Ich kann nur von mir ausgehen. Autorennamen merke ich mir ebensowenig wie die Namen von Schauspielern oder Regisseuren. Wiedererkennungswert haben für mich nur die Themen und die Figuren. Vor allem die Figuren - wenn ich eine Figur interessant finde, bleibe ich normalerweise hängen.

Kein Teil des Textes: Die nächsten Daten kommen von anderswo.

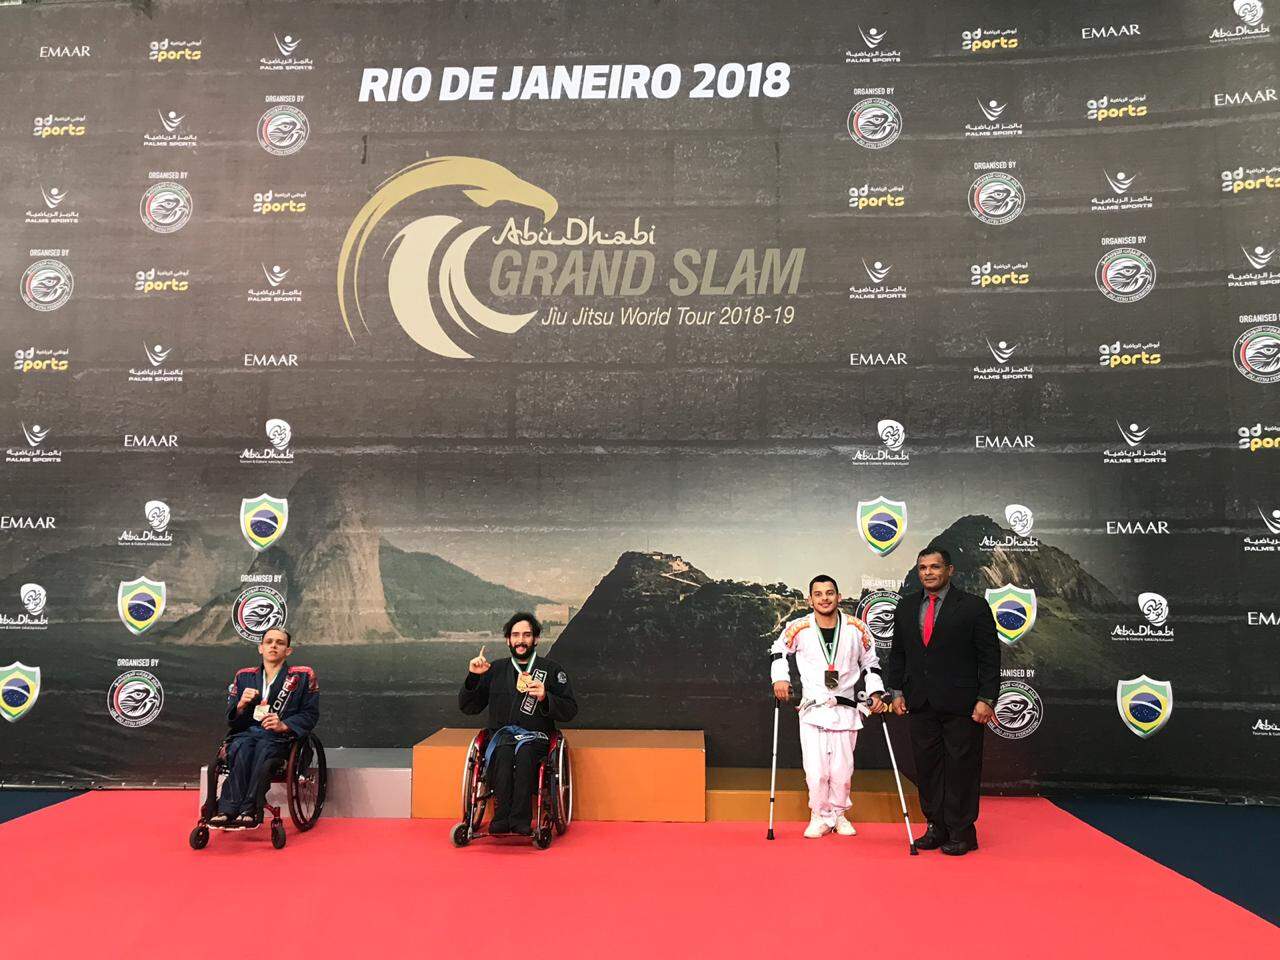 Vinicius (centro) com a medalha de campeão da edição do Grand Slam do Rio de Janeiro

Ich würd's, wie Monika schon geraten hat, auch mal mit Kurzgeschichten probieren, die ganz konkret rund um "Sam" angesiedelt sind. Schon in sich abgeschlossen, aber mit Bezug zur Hauptgeschichte. Da darf ruhig auf Ereignisse des Romans angespielt werden, möglichst beiläufig oder geheimnisvoll, so daß es mich als Leser neugierig macht. Wichtig wäre mir persönlich, daß die Figuren in der Geschichte in ihrer typischen Eigenschaften und in ihren Beziehungen zueinander kurz vorgestellt werden. Immer so, daß ich mich frage: He, wie haben die sich eigentlich alle kennengelernt? Wieso können diese zwei sich nicht ausstehen und was für ein Geheimnis haben jene zwei anderen?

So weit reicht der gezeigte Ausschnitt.